All Hills townships exude charm but Uraidla literally oozes community vibes. Make time to visit the new Wotton Family Wines cellar door, a sweet little gem overlooking the Wotton family’s cherry orchards. Their wine range includes a Chardonnay, Pinot Noir, Pinot Rosé, Pinot Gris and a Sparkling Rose (made from hand-picked Pinot grapes) created by industry legend Brian Croser. Hot tip: When the weather is friendly, the pod is great for an outdoor tipple.

Another drawcard to Uraidla is the food. There’s so much to choose from. From character-packed The Uraidla Hotel for everything from breakfast to baked Onkaparinga camembert, to a memorable Chicken Bacon Parmy. Craving pizza? Lost in a Forest is the ticket. The wine bar-meets-restaurant serves creative wood oven pizzas (think bahn mi pizza) made with local ingredients. Try the Forest Fronds creation for a pizza that screams of place (confit garlic, pickled fennel, Nino’s sausage, fennel fronds, chambers gully foraged fennel pollen, and Chucks Hot Chilli-infused Honey. For some of the best baked goods in the state, The Uraidla Bakery is a hot spot. The bread is particularly coveted due to the old-world baking techniques used when making it.

Love having your finger on the proverbial food pulse? Continue driving to Les Deux Coqs, the latest addition to Stirling. What started as a market stall is now a thriving business serving authentic French fare. Find it in Stirling’s laneways. The croissants and selection of pate croute are particularly delectable. Patch Kitchen & Garden is also a great place to settle in for a meal (especially if you love pasta) or cocktail in the leafy courtyard (hidden at the rear). The sweet little restaurant recently won Best New SA Restaurant in the 2023 Gourmet Traveller Restaurant Awards.

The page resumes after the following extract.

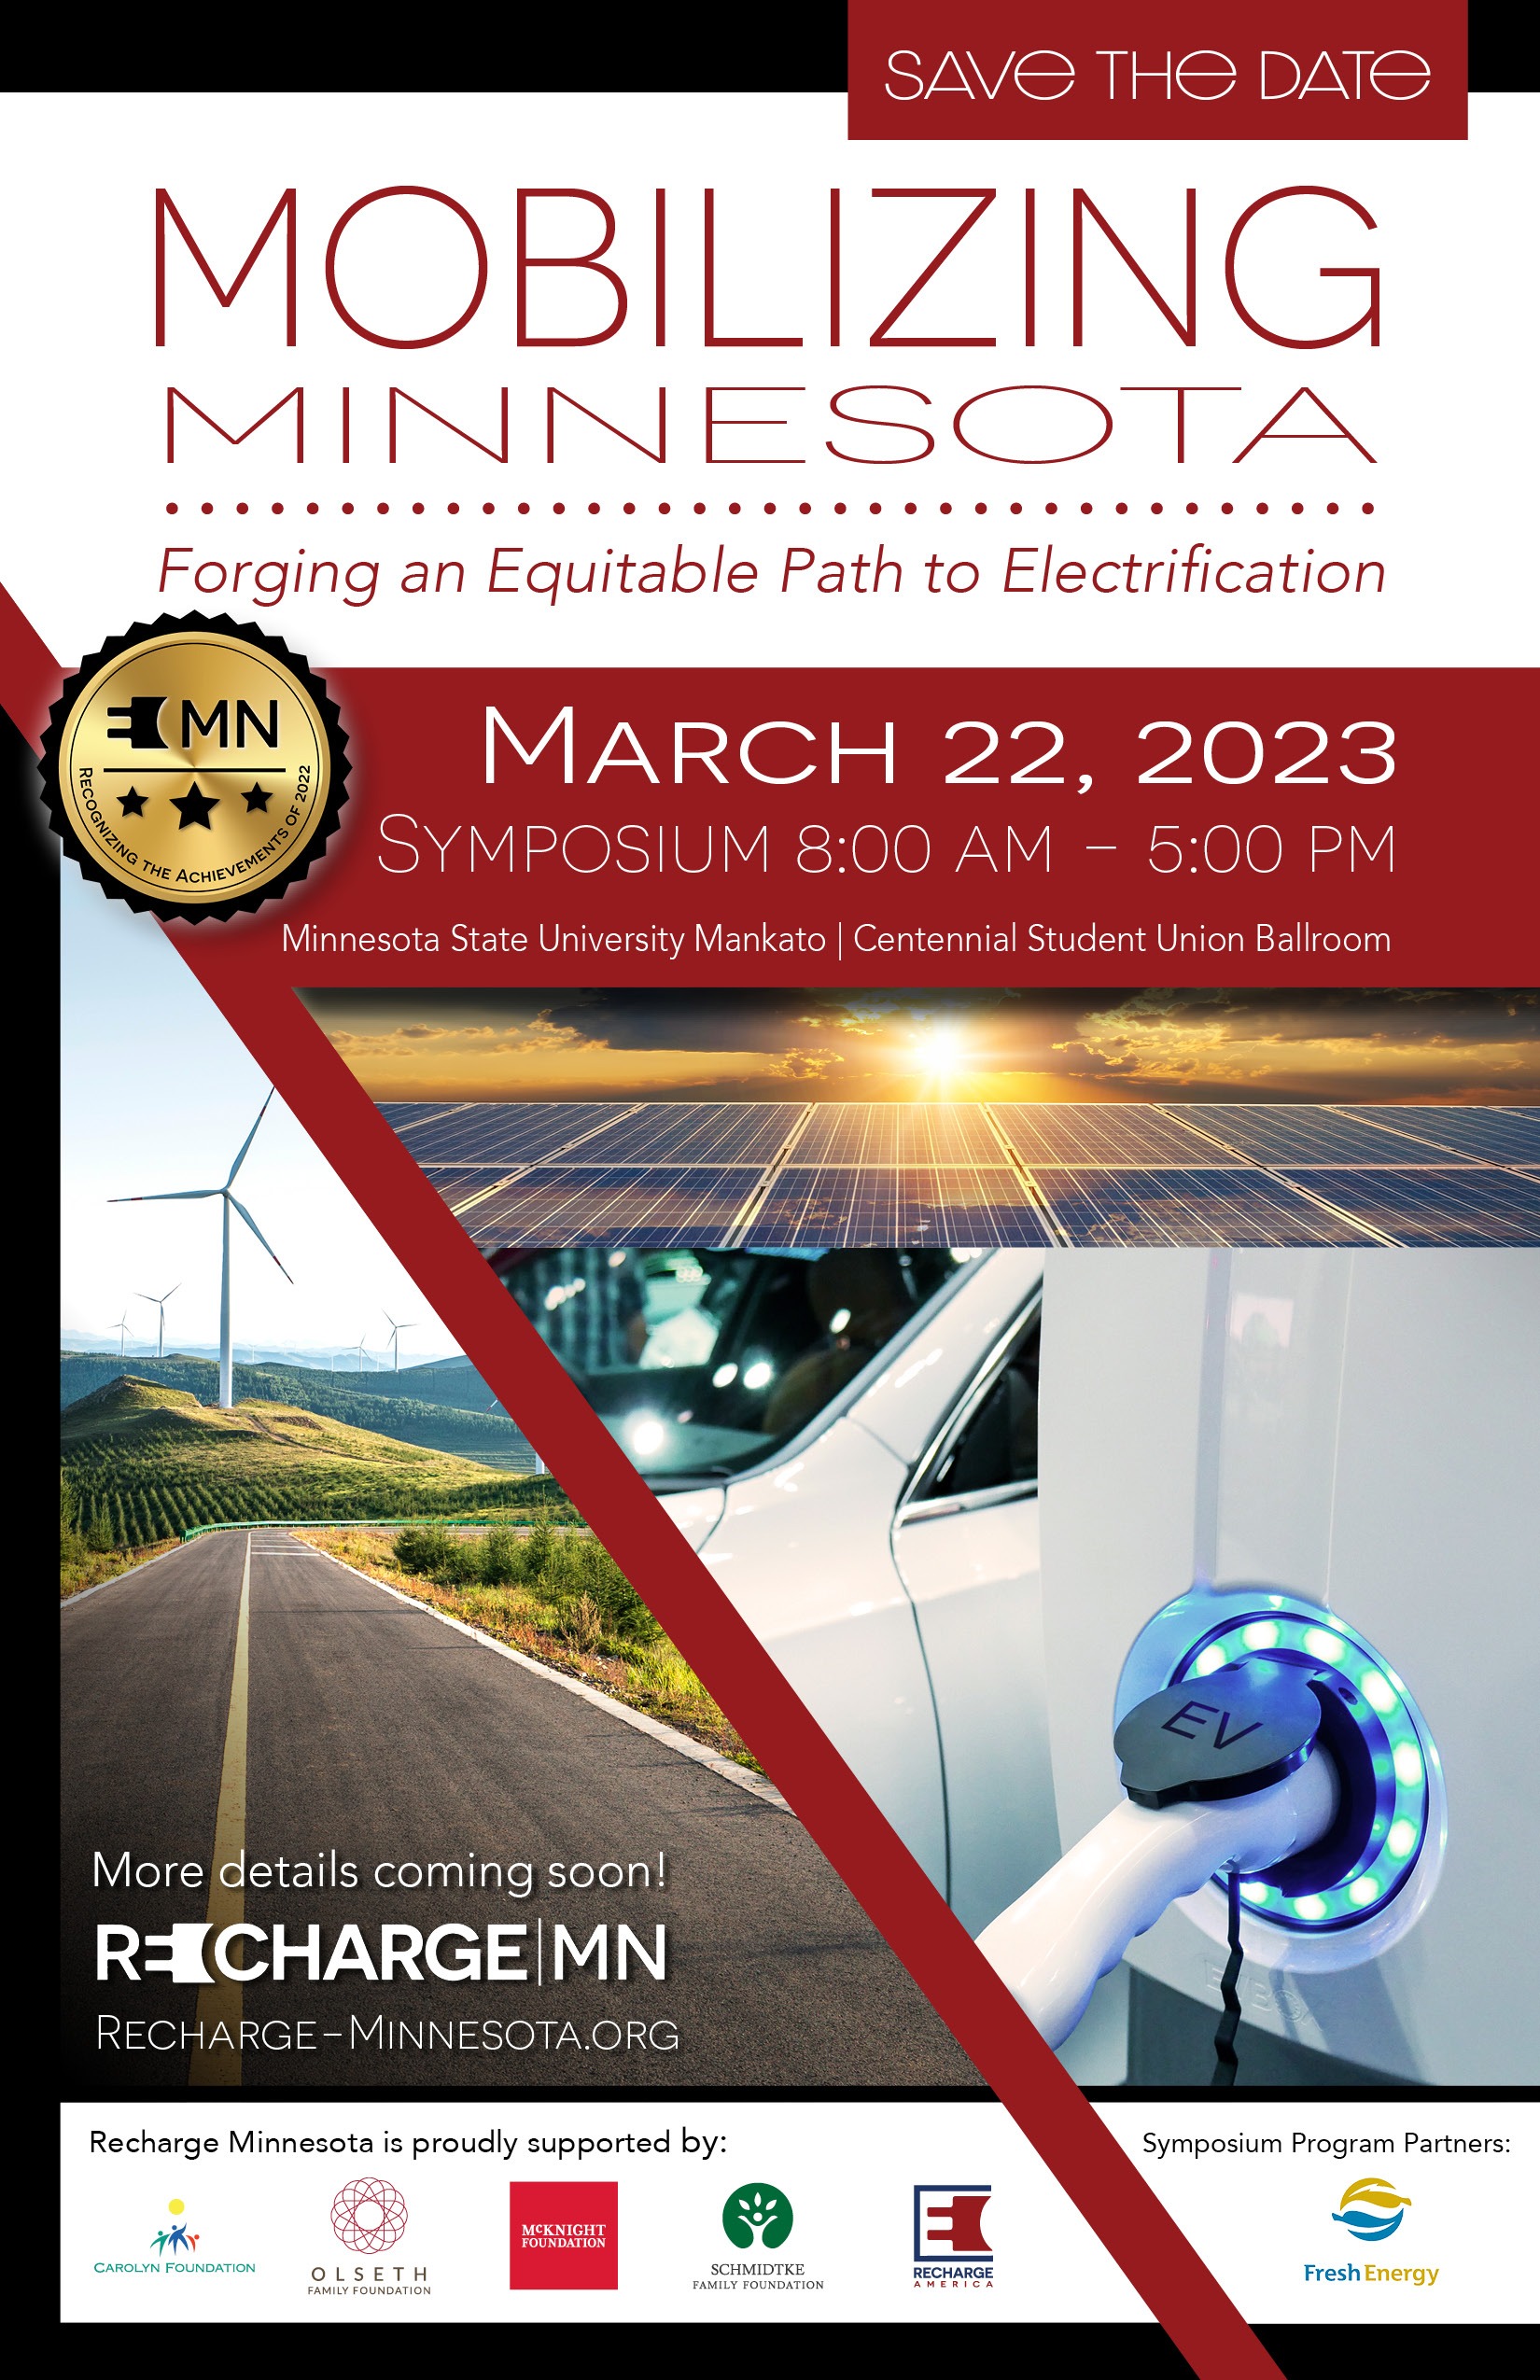 Flyer for the Recharge America Symposium 2023 in Minnesota entitled Mobilizing Minnesota, Forging an Equitable Path to Electrification.

For a seafood fix with a difference, vist Angler. Not only is this an upmarket fish n chippie, it also serves a menu of up to eight courses; all showcasing sustainably sourced seafood. Genius.

The Crafers Hotel has it all. An epic wine cellar, an expansive gastropub menu (you’ll often spot local winemakers indulging in wild mushroom pot pie or the latest butcher’s cut), and onsite accommodation. It’s all class. So too, is historic hilltop manor Mt Lofty House, home to accommodation and Hardy’s Verandah Restaurant where silver service is the vibe. For even more luxury, turn the day trip into a weekend with a night or two at Sequoia Lodge, which delivers luxury (including artesian spring-fed hot pools and the Gatekeeper’s Day Spa) surrounded by Mount Lofty Botanic Garden and native parklands. Bliss and just 20 minutes back to the city once you’re done with all the pampering.